Requirement →
Beginning with the first line, please repeat the entries exactly and end on the line that contains "Basque fabric Ladies".

*** Data records ***

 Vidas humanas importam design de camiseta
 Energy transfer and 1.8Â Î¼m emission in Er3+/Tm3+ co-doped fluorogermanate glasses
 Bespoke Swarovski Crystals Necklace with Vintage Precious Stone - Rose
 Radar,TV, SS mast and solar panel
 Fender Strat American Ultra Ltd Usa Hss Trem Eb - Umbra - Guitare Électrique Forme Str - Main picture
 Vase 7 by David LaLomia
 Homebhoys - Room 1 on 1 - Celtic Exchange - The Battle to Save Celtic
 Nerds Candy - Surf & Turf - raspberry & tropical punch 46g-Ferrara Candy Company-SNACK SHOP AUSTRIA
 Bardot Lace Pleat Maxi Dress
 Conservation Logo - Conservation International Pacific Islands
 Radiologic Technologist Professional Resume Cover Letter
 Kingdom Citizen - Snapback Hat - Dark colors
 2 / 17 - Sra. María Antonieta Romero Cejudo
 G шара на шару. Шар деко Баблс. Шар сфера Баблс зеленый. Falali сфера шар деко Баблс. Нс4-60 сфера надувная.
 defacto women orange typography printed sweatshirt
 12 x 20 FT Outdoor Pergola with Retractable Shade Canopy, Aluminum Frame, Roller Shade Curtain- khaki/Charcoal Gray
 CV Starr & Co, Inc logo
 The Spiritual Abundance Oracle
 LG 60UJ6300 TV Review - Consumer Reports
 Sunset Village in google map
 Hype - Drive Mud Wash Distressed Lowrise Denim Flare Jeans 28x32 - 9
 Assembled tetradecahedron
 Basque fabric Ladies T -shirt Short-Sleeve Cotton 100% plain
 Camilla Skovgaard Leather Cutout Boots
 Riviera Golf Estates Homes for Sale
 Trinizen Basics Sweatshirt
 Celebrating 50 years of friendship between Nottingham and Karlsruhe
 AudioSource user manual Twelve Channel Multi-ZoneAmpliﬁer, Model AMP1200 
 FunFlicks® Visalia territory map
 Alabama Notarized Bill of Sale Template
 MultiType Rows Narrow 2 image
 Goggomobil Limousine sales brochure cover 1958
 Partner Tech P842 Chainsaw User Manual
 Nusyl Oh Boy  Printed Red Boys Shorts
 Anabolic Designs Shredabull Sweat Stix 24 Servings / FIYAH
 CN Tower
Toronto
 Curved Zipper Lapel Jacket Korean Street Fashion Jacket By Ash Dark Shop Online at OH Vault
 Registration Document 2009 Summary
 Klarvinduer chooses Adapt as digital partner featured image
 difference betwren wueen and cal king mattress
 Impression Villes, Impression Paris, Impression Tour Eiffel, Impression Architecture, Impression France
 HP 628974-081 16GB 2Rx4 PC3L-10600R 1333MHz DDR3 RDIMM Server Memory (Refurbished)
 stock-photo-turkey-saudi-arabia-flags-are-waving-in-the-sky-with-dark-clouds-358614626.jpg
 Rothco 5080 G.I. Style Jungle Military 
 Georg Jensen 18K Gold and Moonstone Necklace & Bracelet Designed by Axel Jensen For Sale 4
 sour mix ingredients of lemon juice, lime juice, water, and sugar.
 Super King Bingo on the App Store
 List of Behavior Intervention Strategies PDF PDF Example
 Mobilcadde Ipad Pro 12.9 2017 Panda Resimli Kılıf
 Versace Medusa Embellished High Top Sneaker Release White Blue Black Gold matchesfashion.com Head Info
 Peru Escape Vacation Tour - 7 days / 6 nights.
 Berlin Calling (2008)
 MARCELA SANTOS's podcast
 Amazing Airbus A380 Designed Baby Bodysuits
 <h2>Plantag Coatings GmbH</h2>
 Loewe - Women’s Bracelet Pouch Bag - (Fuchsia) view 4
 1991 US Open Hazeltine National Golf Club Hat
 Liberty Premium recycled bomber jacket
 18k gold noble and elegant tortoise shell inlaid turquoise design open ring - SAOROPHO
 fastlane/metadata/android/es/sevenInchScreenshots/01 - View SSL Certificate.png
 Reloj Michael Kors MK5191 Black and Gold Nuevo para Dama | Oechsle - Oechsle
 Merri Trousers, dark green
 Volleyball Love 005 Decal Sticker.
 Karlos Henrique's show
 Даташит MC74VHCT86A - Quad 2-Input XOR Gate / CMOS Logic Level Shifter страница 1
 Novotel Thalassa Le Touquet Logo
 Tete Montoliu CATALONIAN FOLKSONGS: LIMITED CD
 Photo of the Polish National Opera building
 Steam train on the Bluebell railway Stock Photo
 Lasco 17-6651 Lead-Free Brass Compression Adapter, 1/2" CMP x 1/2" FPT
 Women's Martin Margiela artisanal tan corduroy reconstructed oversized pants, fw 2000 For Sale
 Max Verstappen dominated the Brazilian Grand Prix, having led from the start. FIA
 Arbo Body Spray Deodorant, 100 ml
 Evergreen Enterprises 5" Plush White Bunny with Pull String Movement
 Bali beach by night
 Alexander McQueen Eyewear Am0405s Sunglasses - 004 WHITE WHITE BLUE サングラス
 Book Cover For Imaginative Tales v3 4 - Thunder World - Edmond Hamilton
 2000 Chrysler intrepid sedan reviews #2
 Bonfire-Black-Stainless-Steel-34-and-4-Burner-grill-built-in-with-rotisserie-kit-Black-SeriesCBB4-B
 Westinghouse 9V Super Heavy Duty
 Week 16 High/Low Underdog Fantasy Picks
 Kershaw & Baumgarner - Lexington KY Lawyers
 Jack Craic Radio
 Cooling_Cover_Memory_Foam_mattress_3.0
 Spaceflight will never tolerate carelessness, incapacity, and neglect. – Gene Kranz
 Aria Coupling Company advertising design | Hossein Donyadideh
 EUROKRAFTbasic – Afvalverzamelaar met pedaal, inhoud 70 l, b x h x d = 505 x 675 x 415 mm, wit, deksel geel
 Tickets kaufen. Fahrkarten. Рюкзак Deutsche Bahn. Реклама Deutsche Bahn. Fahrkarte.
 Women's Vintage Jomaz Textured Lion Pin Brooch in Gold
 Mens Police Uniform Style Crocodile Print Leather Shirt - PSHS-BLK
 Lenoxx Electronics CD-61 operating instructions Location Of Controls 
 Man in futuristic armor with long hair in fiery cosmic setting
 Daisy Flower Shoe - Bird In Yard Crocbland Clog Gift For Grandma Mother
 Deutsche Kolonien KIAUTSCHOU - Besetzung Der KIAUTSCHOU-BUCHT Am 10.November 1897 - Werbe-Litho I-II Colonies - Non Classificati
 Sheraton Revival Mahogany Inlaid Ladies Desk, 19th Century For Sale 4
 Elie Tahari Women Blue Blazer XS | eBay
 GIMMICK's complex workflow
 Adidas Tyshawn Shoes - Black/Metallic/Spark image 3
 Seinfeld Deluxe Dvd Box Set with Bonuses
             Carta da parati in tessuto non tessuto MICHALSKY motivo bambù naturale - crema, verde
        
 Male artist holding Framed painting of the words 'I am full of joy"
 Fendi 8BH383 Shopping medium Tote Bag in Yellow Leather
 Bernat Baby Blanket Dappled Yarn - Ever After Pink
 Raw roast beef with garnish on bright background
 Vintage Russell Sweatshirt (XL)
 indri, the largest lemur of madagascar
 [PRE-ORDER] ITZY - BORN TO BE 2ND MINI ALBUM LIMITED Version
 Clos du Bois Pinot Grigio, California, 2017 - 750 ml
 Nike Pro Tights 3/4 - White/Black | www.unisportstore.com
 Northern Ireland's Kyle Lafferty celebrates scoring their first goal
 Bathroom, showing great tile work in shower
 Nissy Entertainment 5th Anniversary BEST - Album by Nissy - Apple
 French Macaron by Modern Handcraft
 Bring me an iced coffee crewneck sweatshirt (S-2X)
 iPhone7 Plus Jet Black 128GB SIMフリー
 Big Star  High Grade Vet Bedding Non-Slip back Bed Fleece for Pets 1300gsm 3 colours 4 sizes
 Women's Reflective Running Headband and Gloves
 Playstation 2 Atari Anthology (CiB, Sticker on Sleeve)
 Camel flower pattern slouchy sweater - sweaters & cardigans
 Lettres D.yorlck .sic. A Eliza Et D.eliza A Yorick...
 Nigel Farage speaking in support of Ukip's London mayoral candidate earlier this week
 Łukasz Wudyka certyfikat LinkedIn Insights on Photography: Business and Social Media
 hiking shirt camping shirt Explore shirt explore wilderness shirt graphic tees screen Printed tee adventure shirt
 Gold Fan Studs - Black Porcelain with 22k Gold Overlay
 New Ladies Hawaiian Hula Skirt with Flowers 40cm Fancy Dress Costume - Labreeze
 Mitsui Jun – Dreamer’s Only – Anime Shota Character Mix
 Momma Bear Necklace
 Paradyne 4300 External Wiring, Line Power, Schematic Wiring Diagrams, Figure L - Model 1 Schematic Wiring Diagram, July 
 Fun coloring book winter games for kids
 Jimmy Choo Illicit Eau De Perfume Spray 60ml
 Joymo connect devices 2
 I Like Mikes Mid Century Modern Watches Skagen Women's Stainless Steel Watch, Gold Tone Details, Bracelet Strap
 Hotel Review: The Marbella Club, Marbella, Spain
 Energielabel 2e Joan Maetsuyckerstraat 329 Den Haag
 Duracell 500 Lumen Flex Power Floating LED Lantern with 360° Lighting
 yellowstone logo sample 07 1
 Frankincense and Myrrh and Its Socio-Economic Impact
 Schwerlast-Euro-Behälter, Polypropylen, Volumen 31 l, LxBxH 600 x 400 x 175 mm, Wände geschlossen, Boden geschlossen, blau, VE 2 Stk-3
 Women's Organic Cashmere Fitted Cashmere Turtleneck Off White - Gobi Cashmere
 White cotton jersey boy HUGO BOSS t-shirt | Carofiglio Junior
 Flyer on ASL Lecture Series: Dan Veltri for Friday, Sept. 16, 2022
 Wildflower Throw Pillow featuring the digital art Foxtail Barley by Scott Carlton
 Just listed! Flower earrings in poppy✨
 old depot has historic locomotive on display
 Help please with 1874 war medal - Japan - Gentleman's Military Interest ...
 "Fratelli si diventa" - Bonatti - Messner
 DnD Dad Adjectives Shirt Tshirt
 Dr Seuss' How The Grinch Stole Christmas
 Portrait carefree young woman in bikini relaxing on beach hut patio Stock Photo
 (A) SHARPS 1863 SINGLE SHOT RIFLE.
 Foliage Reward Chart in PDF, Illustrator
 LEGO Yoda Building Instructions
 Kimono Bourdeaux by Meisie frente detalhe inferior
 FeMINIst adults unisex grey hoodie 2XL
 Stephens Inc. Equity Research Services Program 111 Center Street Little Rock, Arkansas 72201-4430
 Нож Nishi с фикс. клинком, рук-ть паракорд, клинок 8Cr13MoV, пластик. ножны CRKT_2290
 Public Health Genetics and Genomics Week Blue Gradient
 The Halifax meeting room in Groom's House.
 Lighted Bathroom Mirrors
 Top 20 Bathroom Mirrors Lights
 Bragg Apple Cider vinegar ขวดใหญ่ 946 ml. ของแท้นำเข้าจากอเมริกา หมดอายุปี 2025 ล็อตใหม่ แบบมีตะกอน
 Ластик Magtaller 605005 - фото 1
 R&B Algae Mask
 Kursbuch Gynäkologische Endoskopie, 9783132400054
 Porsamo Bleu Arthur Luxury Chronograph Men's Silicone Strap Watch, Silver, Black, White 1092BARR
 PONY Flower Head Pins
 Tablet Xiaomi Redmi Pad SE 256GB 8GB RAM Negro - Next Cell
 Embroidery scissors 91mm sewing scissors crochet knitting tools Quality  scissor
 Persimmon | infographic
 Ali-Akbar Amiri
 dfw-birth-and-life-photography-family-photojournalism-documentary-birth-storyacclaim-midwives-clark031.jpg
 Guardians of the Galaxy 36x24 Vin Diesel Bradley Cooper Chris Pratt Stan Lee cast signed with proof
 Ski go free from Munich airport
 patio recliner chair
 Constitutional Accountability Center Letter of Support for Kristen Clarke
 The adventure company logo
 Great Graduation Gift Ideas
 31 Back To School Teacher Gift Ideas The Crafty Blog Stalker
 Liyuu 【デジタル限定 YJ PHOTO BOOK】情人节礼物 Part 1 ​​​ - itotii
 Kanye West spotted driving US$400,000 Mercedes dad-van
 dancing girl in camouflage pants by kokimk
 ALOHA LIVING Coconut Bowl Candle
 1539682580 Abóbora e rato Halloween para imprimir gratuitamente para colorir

***

Answer to this problem →
 Vidas humanas importam design de camiseta
 Energy transfer and 1.8Â Î¼m emission in Er3+/Tm3+ co-doped fluorogermanate glasses
 Bespoke Swarovski Crystals Necklace with Vintage Precious Stone - Rose
 Radar,TV, SS mast and solar panel
 Fender Strat American Ultra Ltd Usa Hss Trem Eb - Umbra - Guitare Électrique Forme Str - Main picture
 Vase 7 by David LaLomia
 Homebhoys - Room 1 on 1 - Celtic Exchange - The Battle to Save Celtic
 Nerds Candy - Surf & Turf - raspberry & tropical punch 46g-Ferrara Candy Company-SNACK SHOP AUSTRIA
 Bardot Lace Pleat Maxi Dress
 Conservation Logo - Conservation International Pacific Islands
 Radiologic Technologist Professional Resume Cover Letter
 Kingdom Citizen - Snapback Hat - Dark colors
 2 / 17 - Sra. María Antonieta Romero Cejudo
 G шара на шару. Шар деко Баблс. Шар сфера Баблс зеленый. Falali сфера шар деко Баблс. Нс4-60 сфера надувная.
 defacto women orange typography printed sweatshirt
 12 x 20 FT Outdoor Pergola with Retractable Shade Canopy, Aluminum Frame, Roller Shade Curtain- khaki/Charcoal Gray
 CV Starr & Co, Inc logo
 The Spiritual Abundance Oracle
 LG 60UJ6300 TV Review - Consumer Reports
 Sunset Village in google map
 Hype - Drive Mud Wash Distressed Lowrise Denim Flare Jeans 28x32 - 9
 Assembled tetradecahedron
 Basque fabric Ladies T -shirt Short-Sleeve Cotton 100% plain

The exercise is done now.